Quantifying library bias requires three sets of molecules: one that represents all of chemical space, one that represents molecules that proteins are intrinsically likely to recognize—defining the optimal bias, and one that represents screening libraries. The set representing chemical space previously seemed inaccessible. Recently, however, Fink and Reymond have calculated all of the synthetically accessible molecules with 11 or fewer non-hydrogen (heavy) atoms composed of first row elements (C, N, O, and F); there are over 26 million of these, not allowing for stereochemistry.16 Whereas these molecules are small compared to most biologically interesting compounds, this Generated DataBase (GDB) is comprehensive, giving us the full unbiased set within its boundary criteria. For the molecules that proteins are likely to bind—defining the bias—several sets are possible, such as those molecules that have become drugs. Indeed, several investigators have adopted this approach when asking “what is drug-likeness and how can libraries be biased towards it?”17,18 Here, however, we ask why one should expect to find any hits from screening, and so need a reference set that captures protein recognition in general. For this purpose drugs are imperfect, reflecting many other criteria, like bioavailability, and are backward-looking, capturing information only on a small number of targets. We therefore chose metabolites and natural products from the KEGG (2 018 molecules) and the Dictionary of Natural Products (141 985 molecules) databases, respectively. These molecules are recognized by at least one protein in the biosphere, often many, and are out-group molecules, uninfluenced by human invention. For the set of molecules representing screening libraries we use those molecules that are commercially available, reasoning that most HTS libraries, even in the pharmaceutical industry, are largely composed of molecules that have been purchased from commercial vendors, or closely resemble them (for the MLSMR, the US national screening collection, almost all of the ~300 000 molecules are commercially sourced). To compare the commercially available molecules to those of the GDB, we restrict the former by the same criteria: only purchasable molecules with 11 or fewer heavy atoms composed of first row elements are considered. There are 25 810 such molecules in the ZINC database of commercially available molecules (; we refer to these as the purchasable-GDB (Fig. 1).

Figure 1
Overlap between commercially available molecules and the GDB gives the purchasable GDB.

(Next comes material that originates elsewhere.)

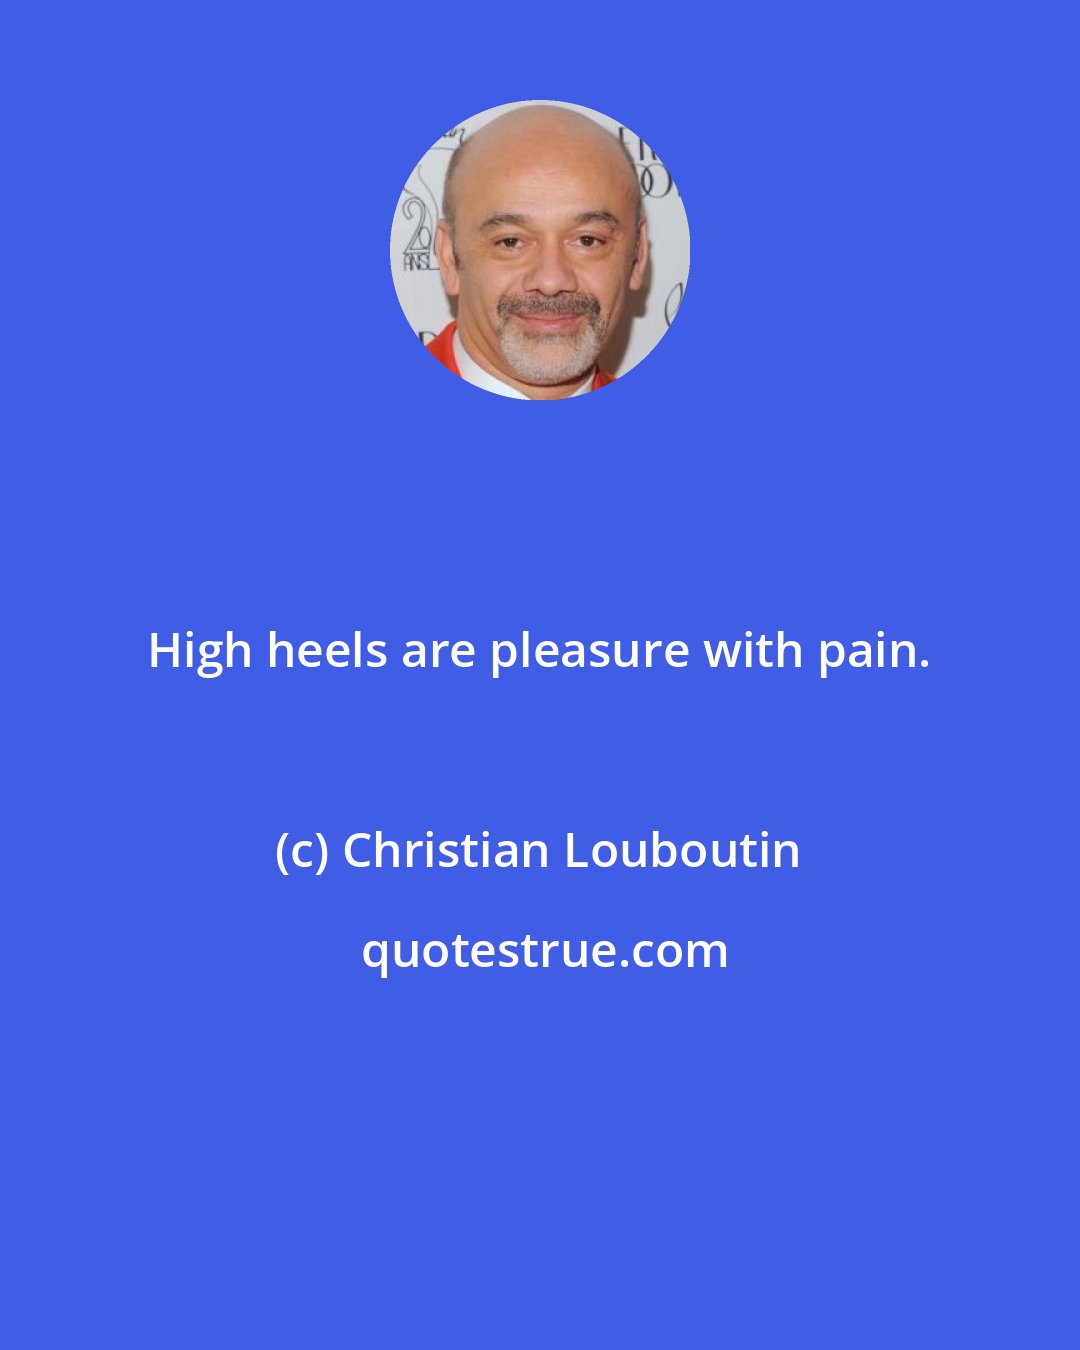 Christian Louboutin: High heels are pleasure with pain.
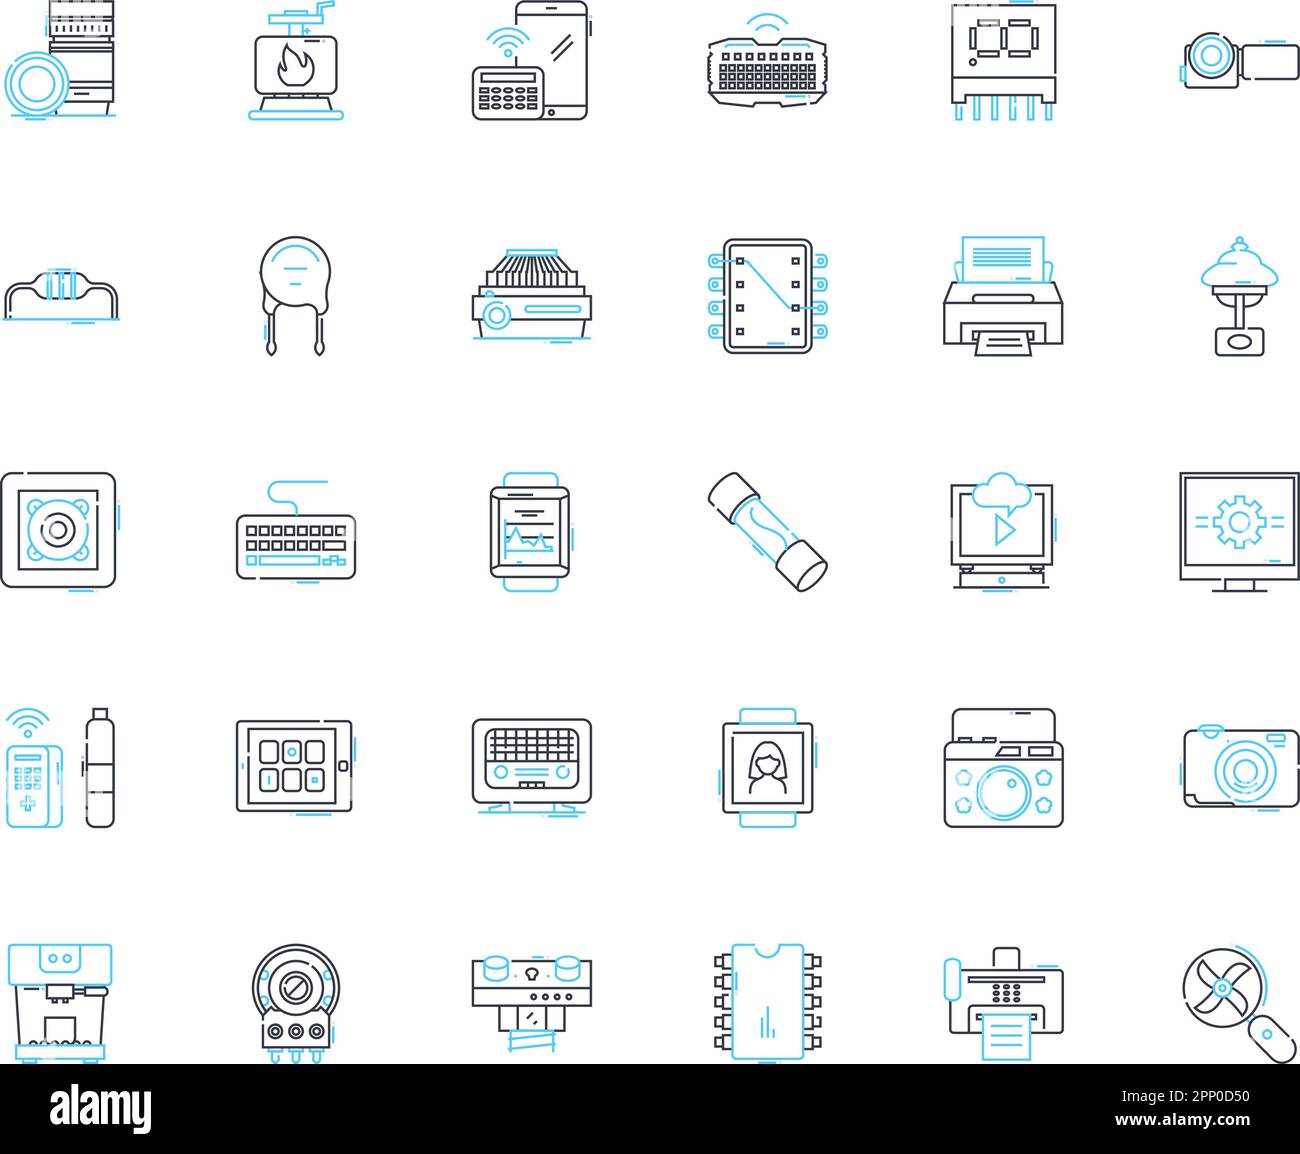 Cybernetic operation linear icons set. Augmentation, Integration, Robotics, Implant, Prosthetic, Enhancement, Interface line vector and concept signs Stock Vector

As we will show, when metabolites are compared to both the purchasable-GDB and the full GDB, the purchasable subset is almost 1000-fold more similar to metabolites than the overall GDB, our proxy to full chemical space. The same bias is observed when the two sets are compared to natural products. The bias grows dramatically with molecular size, suggesting that this bias will be greater still among larger “lead-like” or “drug-like” molecules in screening. This is consistent with the idea that these libraries are massively and productively biased toward biogenic molecules. We leverage this observation to ask what scaffolds occur among biogenic molecules but are absent from those commercially available. Almost 1300 ring-scaffolds are found among natural products that are missing from commercial libraries—these scaffolds provide criteria that could be used to further increase the bias in screening libraries toward those molecules that proteins have evolved to recognize.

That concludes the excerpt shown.